1.1De rechtbank verklaart het beroep ongegrond. Hierna legt de rechtbank uit hoe zij tot dit oordeel komt en welke gevolgen dit oordeel heeft.
2. Eiser ontvangt een bijstandsuitkering naar de norm van een alleenstaande.
Met de schikking van 5 juli 2021 is in het proces-verbaal van de Centrale Raad van Beroep (CRvB) o.a. bepaald dat in de zaken met dossiernummers [dossiernummer 1] en [dossiernummer 2] Orionis de terugvordering beperkt tot de kosten van de verleende bijstand over de periode
1 januari 2015 tot en met 31 januari 2018.
Uit de uitkeringsspecificatie van de maand januari 2022 blijkt dat Orionis op het uitkeringsbedrag van € 1.091,71 een bedrag van € 54,59 inhoudt ter aflossing van een schuld die eiser bij Orionis heeft.
Eiser heeft tegen de hiervoor genoemde uitkeringsspecificatie bezwaar gemaakt.
Met het bestreden besluit is het bezwaar van eiser tegen de uitkeringsspecificatie van
januari 2022 door Orionis niet-ontvankelijk verklaard.
Eiser heeft tegen het bestreden besluit beroep ingesteld.
3. Orionis heeft aan het bestreden besluit ten grondslag gelegd dat het bezwaar van eiser geen besluit is in de zin van artikel 1:3 van de Awb en dat daardoor het bezwaar terecht niet-ontvankelijk is verklaard. Orionis doet dit onder verwijzing naar vaste rechtspraak van de CRvB. Uit deze rechtspraak volgt dat de rechtmatigheid van een eerder genomen besluit waarbij over de grondslag van periodiek te betalen uitkering is beslist, niet bij elke betaling opnieuw (integraal) aan de orde kan worden gesteld. Voor zover over een element van de uitkering al eerder een besluit is genomen en daarin bij een periodieke betaling geen wijzing optreedt, is in het algemeen slechts sprake van een herhaling van de uitvoering van een eerder genomen beslissing. Zo’n herhaling is op zichzelf niet gericht op enig rechtsgevolg dat niet al door de oorspronkelijke beslissing tot stand was gebracht en kan daarom niet worden aangemerkt als een besluit. Daarnaast maakt volgens Orionis de vordering met [nummer] onderdeel uit van de schikking van 5 juli 2021. Verder staat op de uitkeringsspecificatie als omschrijving: “Aflossing 5%, vordering [nummer] ” en in het overzicht schulden is als omschrijving opgenomen: “Niet voldoen inlichtingenplicht”. De omschrijving van het niet voldoen aan de inlichtingenplicht is een boetewaardige gedraging volgens Orionis.
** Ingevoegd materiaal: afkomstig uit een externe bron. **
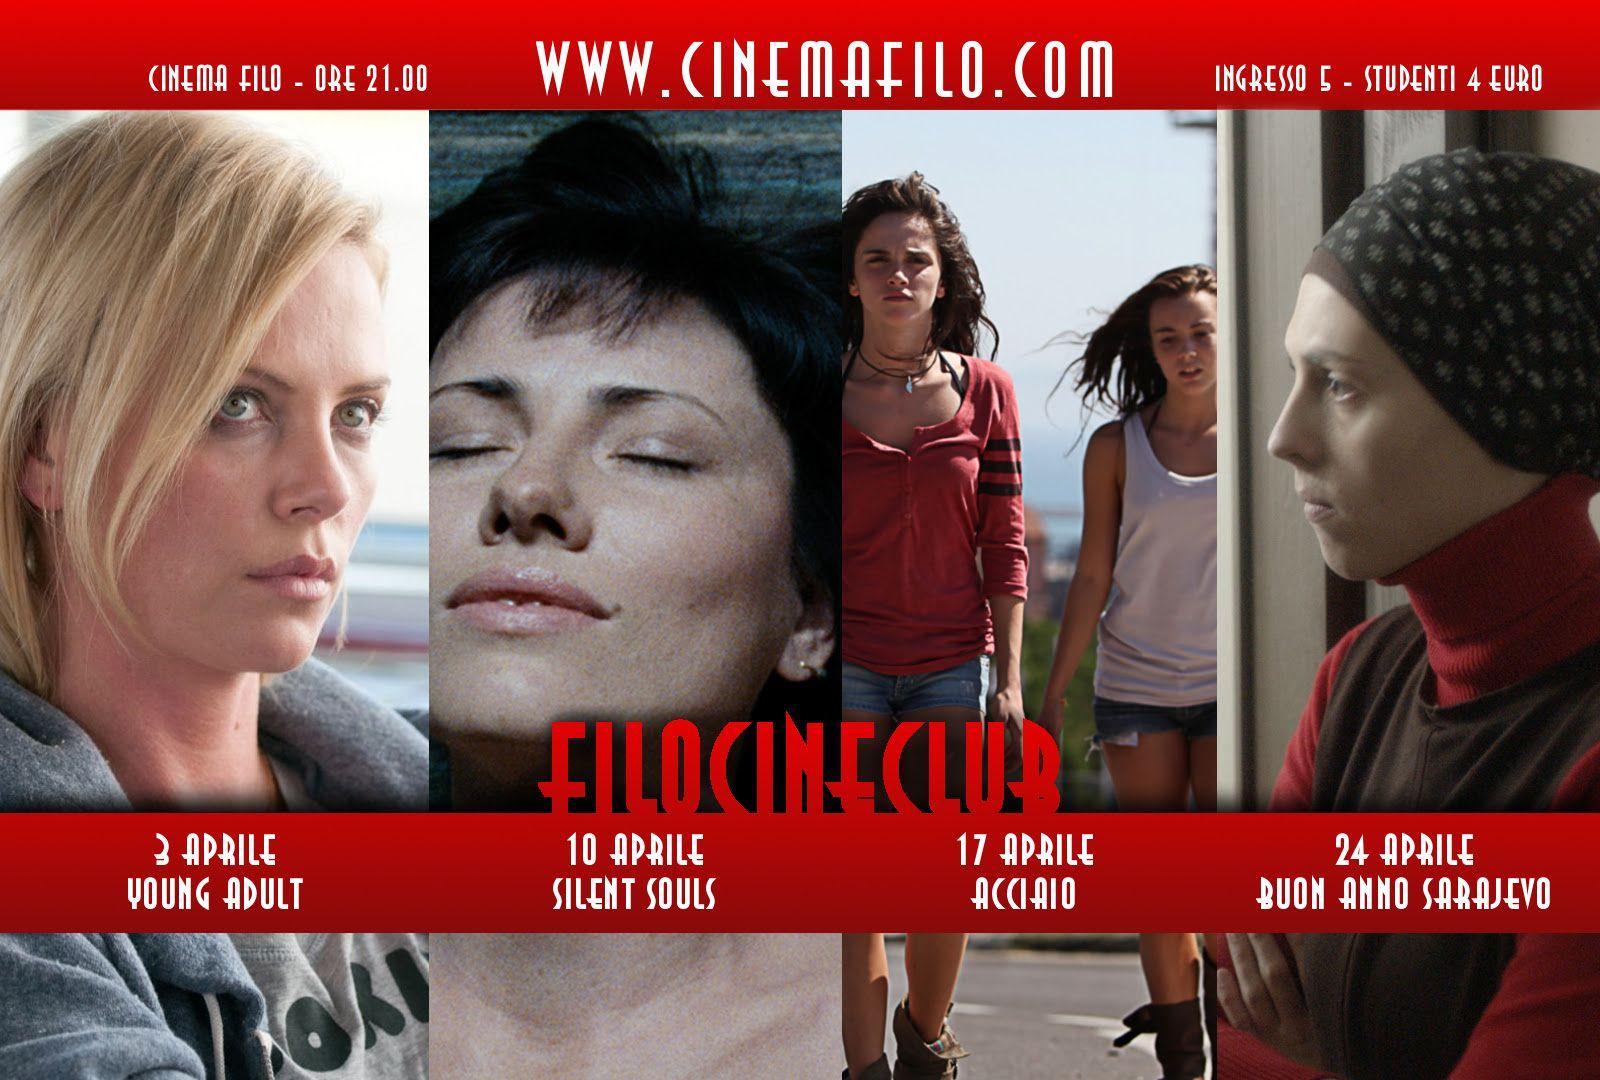 aprile Film, Cinema

4. Eiser vindt het onbegrijpelijk dat Orionis zijn bezwaarschrift niet-ontvankelijk heeft verklaard. Bij de uitkeringsspecificatie van januari 2022 zijn wel degelijk wijzigingen opgetreden, omdat met de schikking van 5 juli 2021 bij de CRvB de rechtmatigheid van een eerder genomen besluit is veranderd. Zo zou bij de schikking zijn vastgesteld dat het gaat om een boetewaardige gedraging en niet om een fraudezaak. Na de schikking is volgens eiser geen benadelingsbedrag berekend of boete vastgesteld. Ook wordt in de schikking niet vastgesteld waarom er een terugvordering kan worden opgelegd. Daarnaast wordt een ander debiteurnummer gekoppeld aan de terugvordering waar geen schending inlichtingenplicht aan ten grondslag ligt. Ten slotte is eiser van mening dat er vaak iets verandert door fictieve besluiten van Orionis die aan eiser niet kenbaar worden gemaakt.
5. In artikel 1:3, eerste lid, van de Awb is bepaald dat onder een besluit wordt verstaan: een schriftelijke beslissing van een bestuursorgaan, inhoudende een publiekrechtelijke rechtshandeling.